Scotland the Brief
Part 2: Imperial Partner
14
Reform
Britains was a liberal empire, and much of its effectiveness came from the free movement of its elites among the institutions of state: something that had its roots in the removable inequalities of its constitution, always quick to adapt, and always mindful that those whom the law neglects will always be enemies to law, and will always be dangerous, more or less. The words were those of a great Liberal, administrator, and historian, of Gaelic descent, T B Macaulay.
The 1832 Reform act wasnt achieved without a struggle, particularly in English towns, where the Castle of Nottingham and the Palace of Bristol were laid low. Scotland was quieter Dundas 'management' ended in 1826 but her intellectuals, running the Edinburgh Review, did much to expand the agitation. The English electorate doubled, the Scots (extended by creating a new franchise and urban constituencies) went up from 5000 to 65,000.
Reform, however, did little for the mass of the people. How were they to cope with dispossession on the land, and the often enforced flight into the towns? Up to the 1840s this upheaval seemed almost apocalyptic, and even among the well-off there thrived millenarian or utopian ideals. Robert Owen, the Welsh owner of the New Lanark Mills and social experimenter, promoted his new view of society on every possible occasion. His schemes usually collapsed, but they trained a generation of working-class activists who would eventually gain a qualified utopia in the trade unions and the Co-op societies.

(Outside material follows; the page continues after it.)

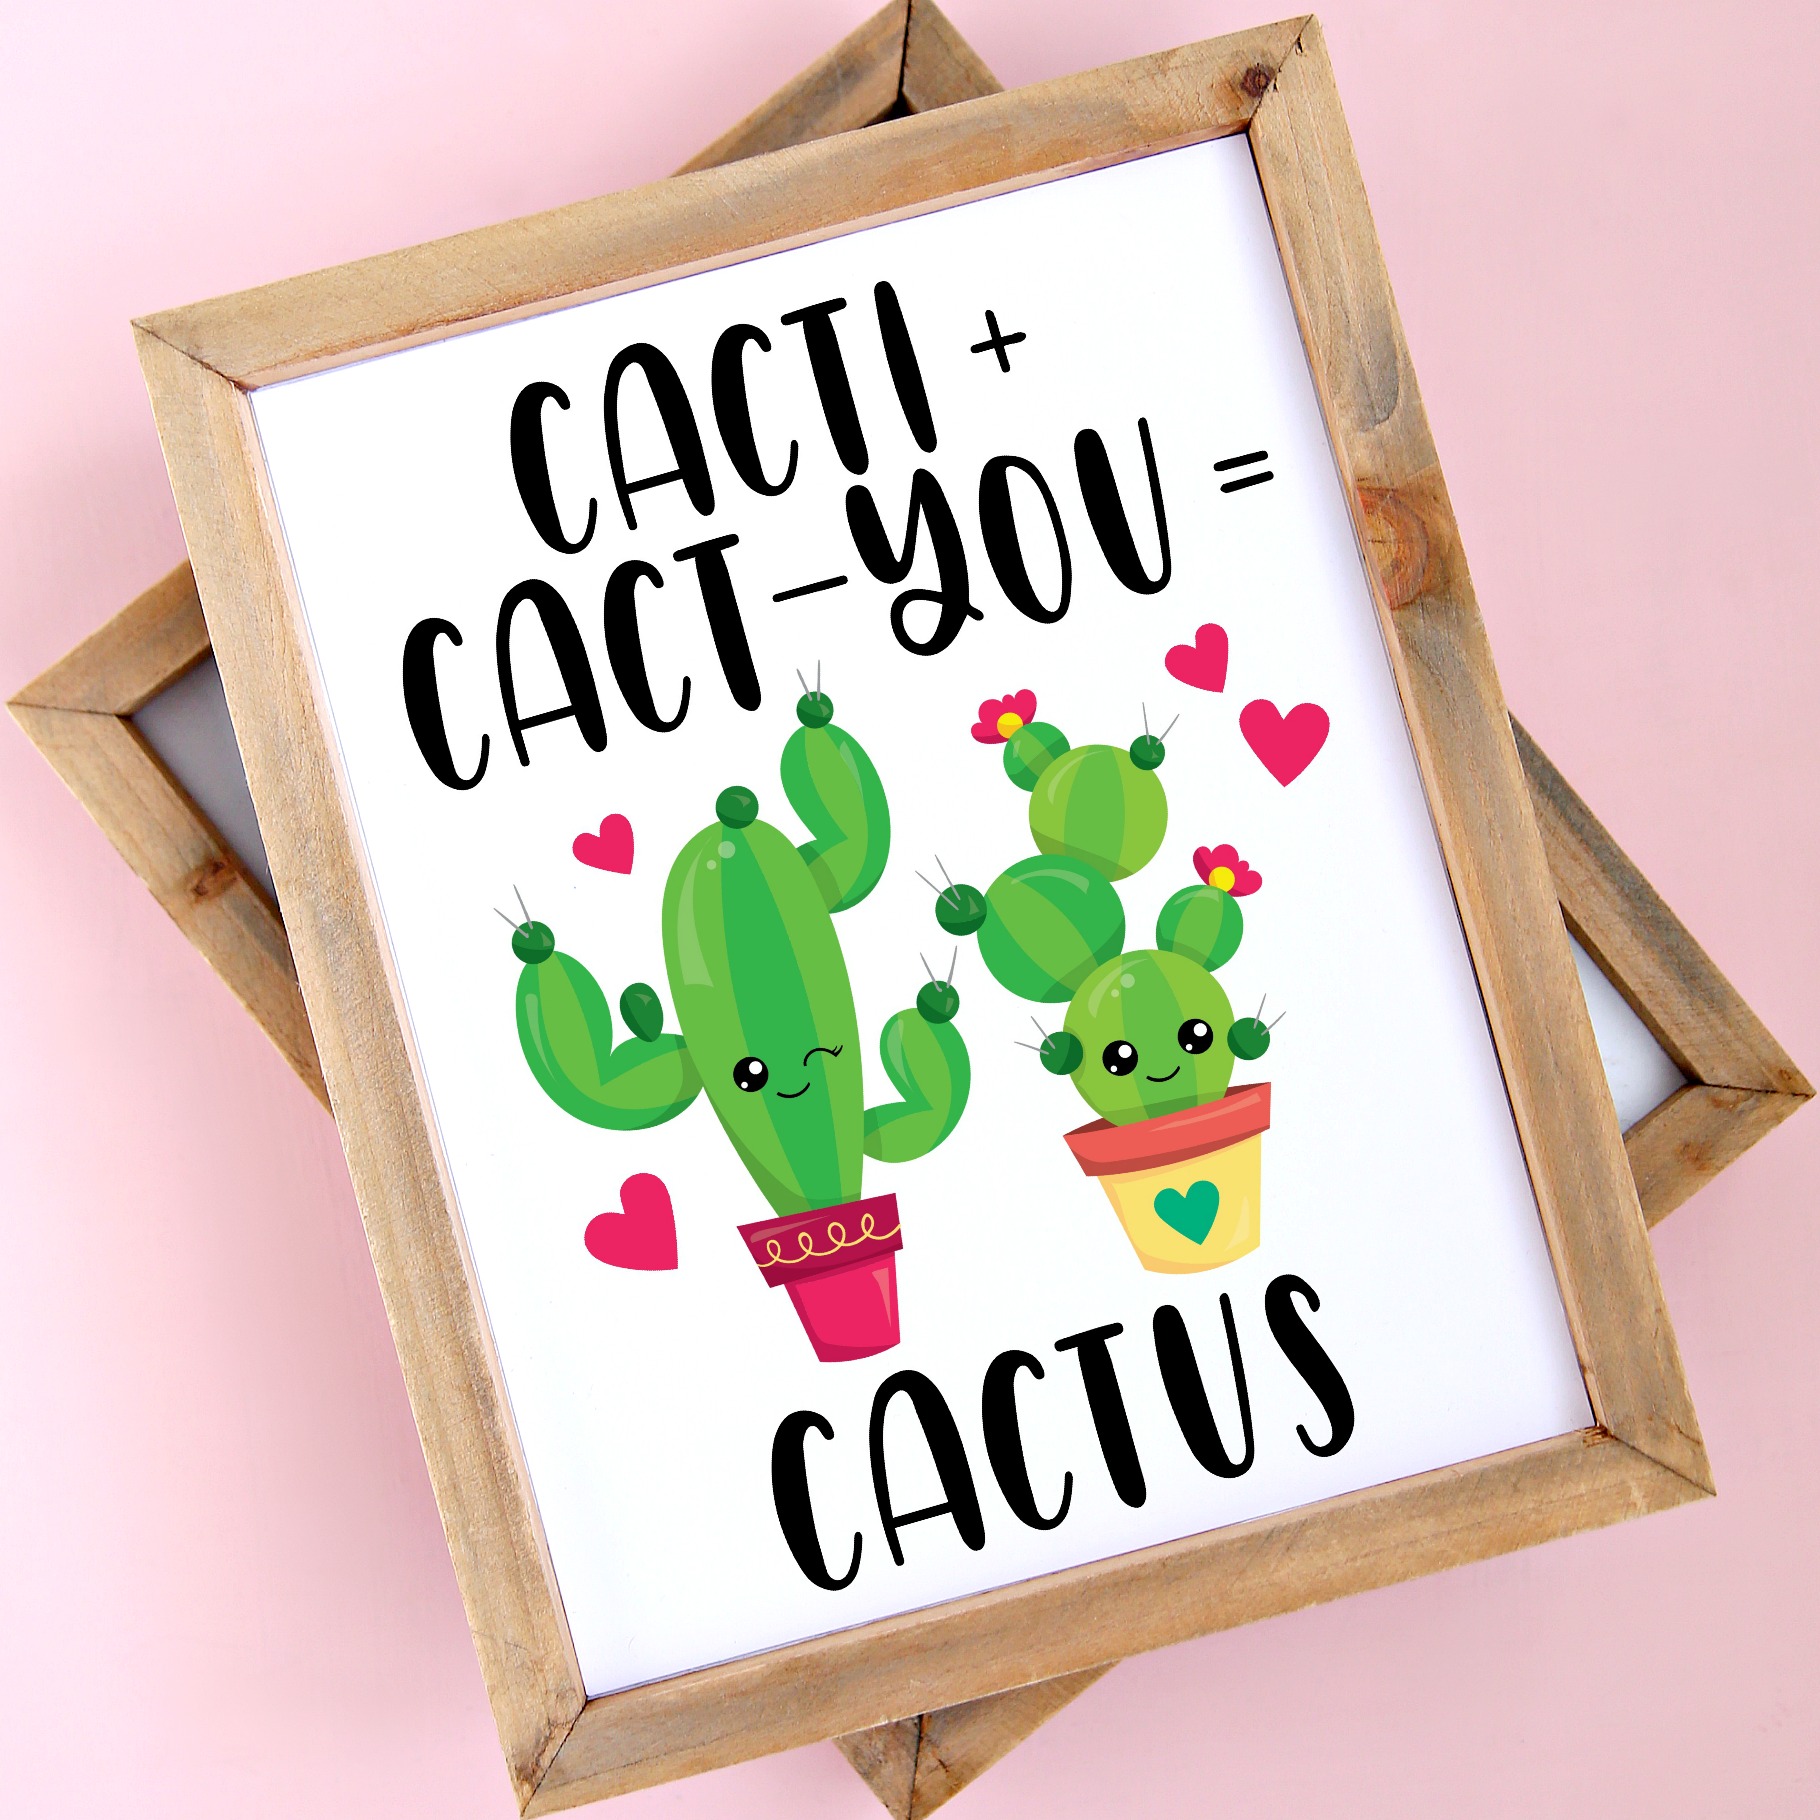 Cacti + Cact-you = Cactus Free Printable in wood frame

Scottish Chartism was political rather than social; its leaders, organised on a British basis, argued for their six points: universal manhood suffrage, equal electoral districts, payment of members, secret ballots, no property qualifications, and annual parliaments; but some of them also had particular Scots enthusiasms, like temperance or adult education.
This ideal, in the hands of the most remarkable figure of the generation, went much further. Chartism by Thomas Carlyle (1839) probed the cultural as well as social problems the industrial revolution had released, and his analysis predicted a coming explosion, leading directly to Marx and Engels' 'Communist Manifesto' (1848), to the propaganda of Benjamin Disraeli and Charles Dickens' Hard Times (1854): 'a bolt of lightning' in a china shop'.

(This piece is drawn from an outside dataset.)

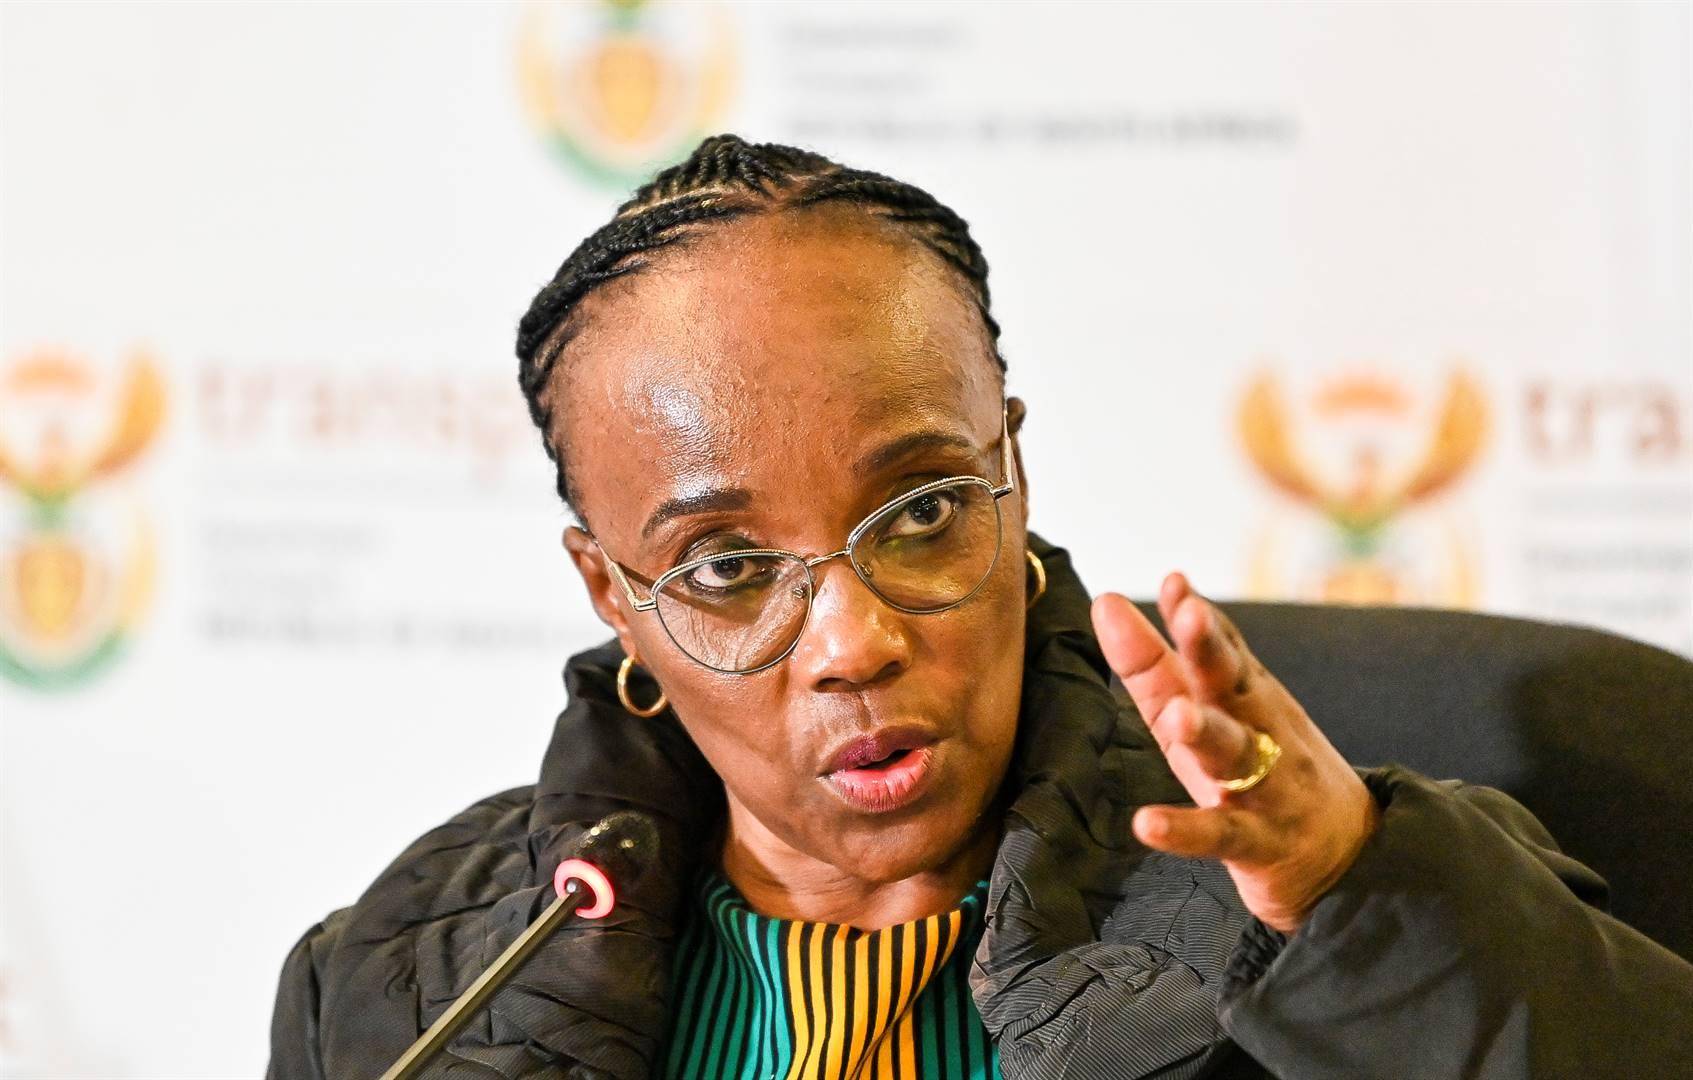 Sindisiwe Chikunga, minister of transport, conveyed her deepest condolences to the families and loved ones of the deceased

The Scots Chartists were well organised, generally moral-force and legalistic, and ineffective. If you wanted to be a democrat, then go to Canada, or by the 1850s Australia and New Zealand. By the mid-century there were also civic careers to be made overseas in the churches, in medicine, and in education at home: tasks that would in Europe have gone to national parliaments were shared between Westminster and increasingly powerful Scottish burghs whose powers were increased to cope with the challenges of poverty, disease and pollution. These tasks lay before a country particularly famous for the quality of its medical education, spectacularly realised in projects like infirmaries, the pioneer Medical Officers of Health, and Glasgows water supply, piped from Loch Katrine in the South Highlands in 1859.